Au-delà du recadrage des affirmations et propositions douteuses des candidats, le juriste doit s’efforcer d’objectiver le débat grâce à ses connaissances et ses analyses, pour en améliorer la qualité.

Le juriste, un animal politique... qui doit transparence !

Un débat peut-il cependant être « objectif » ?

Il n’est pas aisé de prendre du recul sur telle ou telle proposition puisque chacun, juriste ou pas, a déjà des avis, des suppositions, des propositions à l’esprit. L’Homme est un animal politique, le juriste aussi. Comment dès lors peut-il être crédible, si on le soupçonne de donner un avis biaisé (comme c’est le cas pour les économistes de plateau télé) ?

Il y a d’un côté les grands principes qui, à l’heure actuelle, font relativement consensus : les grands principes du droit pénal, les grandes libertés fondamentales ou encore des exigences environnementales et sociales bien établies.

Et il y a de l’autre : les orientations économiques, les droits sociaux complémentaires à reconnaître ou à supprimer, la politique énergétique, environnementale... autant de sujets sur lesquels chacun dispose déjà, le plus souvent, d’un avis, juristes inclus.

Régulièrement et plus sur le mode de la tribune que de la complémentarité à des propositions des candidats, des avocats, notaires et juristes de tous bords donnent leurs avis : certains sont très « libéraux », d’autres pas. Certains œuvrent pour la protection de l’environnement, d’autres non. Certains sont militants, d’autres sont opportunistes. A l’image des historiens qui sont souvent catalogués « de droite » ou « de gauche », cette « évaluation » est plus rarement faite pour les juristes, ce qui serait pourtant tout à fait fondamental également.

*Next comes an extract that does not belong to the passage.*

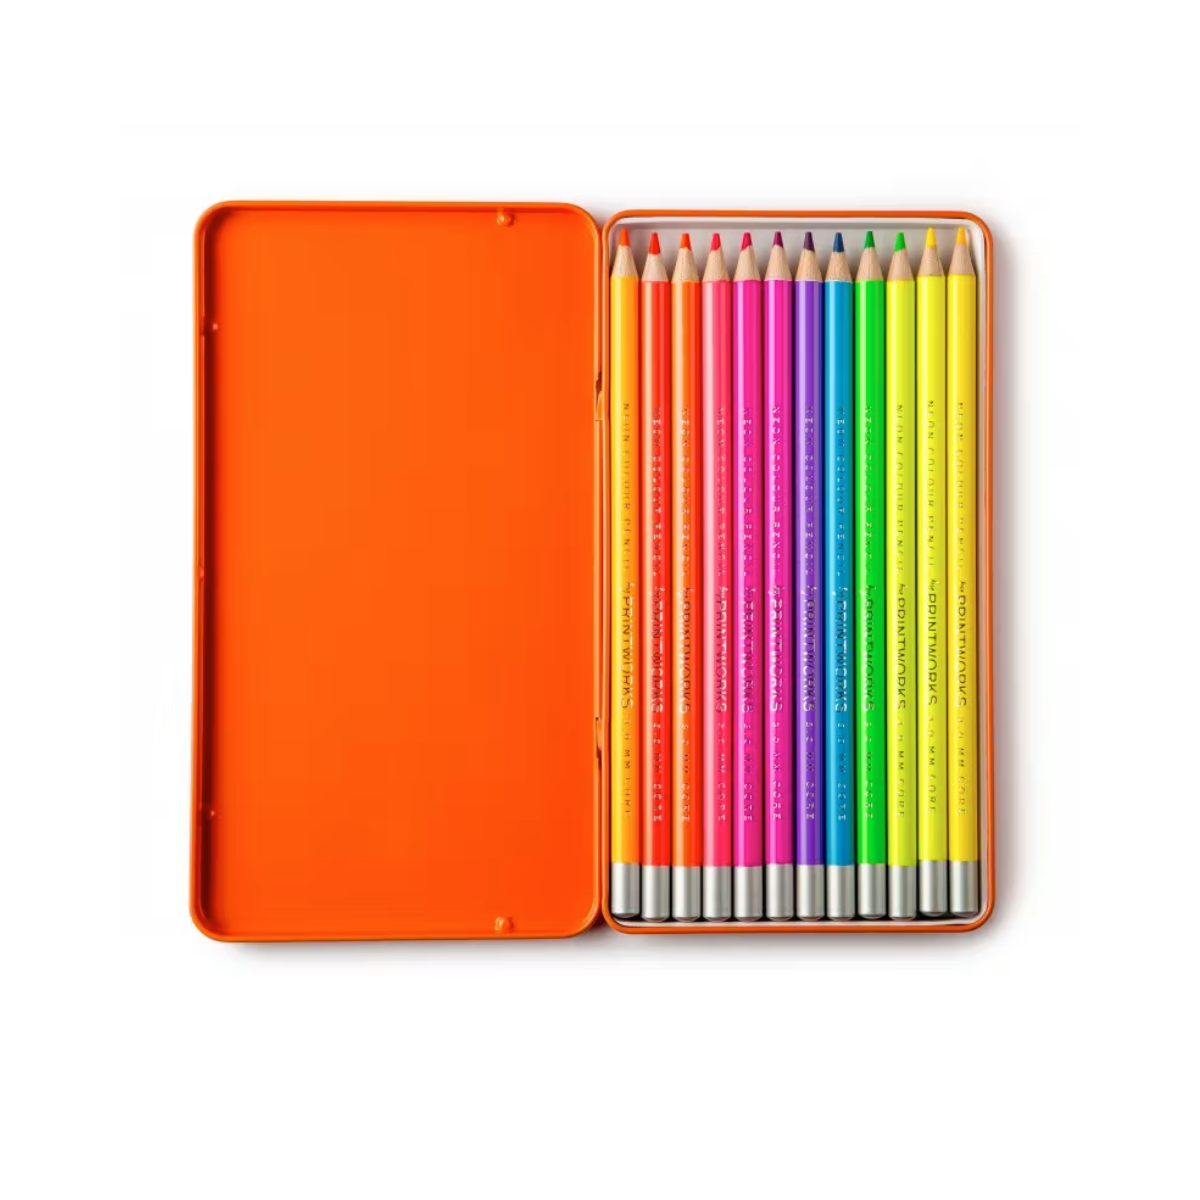 Colored Pencils - Neon

En ce sens, il y a une obligation que chacun devrait s’imposer avant de commenter le débat public d’un point de vue juridique : livrer et clarifier ses propres opinions, afin de permettre à l’audimat de saisir les présupposés qui guident l’analyse. Cela permettrait d’autant plus au grand public de comprendre le point de vue des juristes, parfois objectif, souvent orienté en particulier s’agissant des avocats notoirement connus. Pour être tout à fait clair, peu importe le sens de l’orientation, c’est la déclaration d’une telle orientation qui importe.

Le juriste est par conséquent un animal politique qui, le plus souvent, oublie (ou ignore ?) que les règles de droit sont le résultat de décisions politiques, et issues de débats consensuels ou non. Souvent, le juriste ignore lui-même qu’il a des opinions, et que celles-ci influencent nécessairement sa lecture du droit en vigueur et des amendements projetés.

Pour conclure, trois propositions pourraient être formulées à l’adresse du juriste : saisis ta chance, donne ton avis, mais connais-toi toi-même.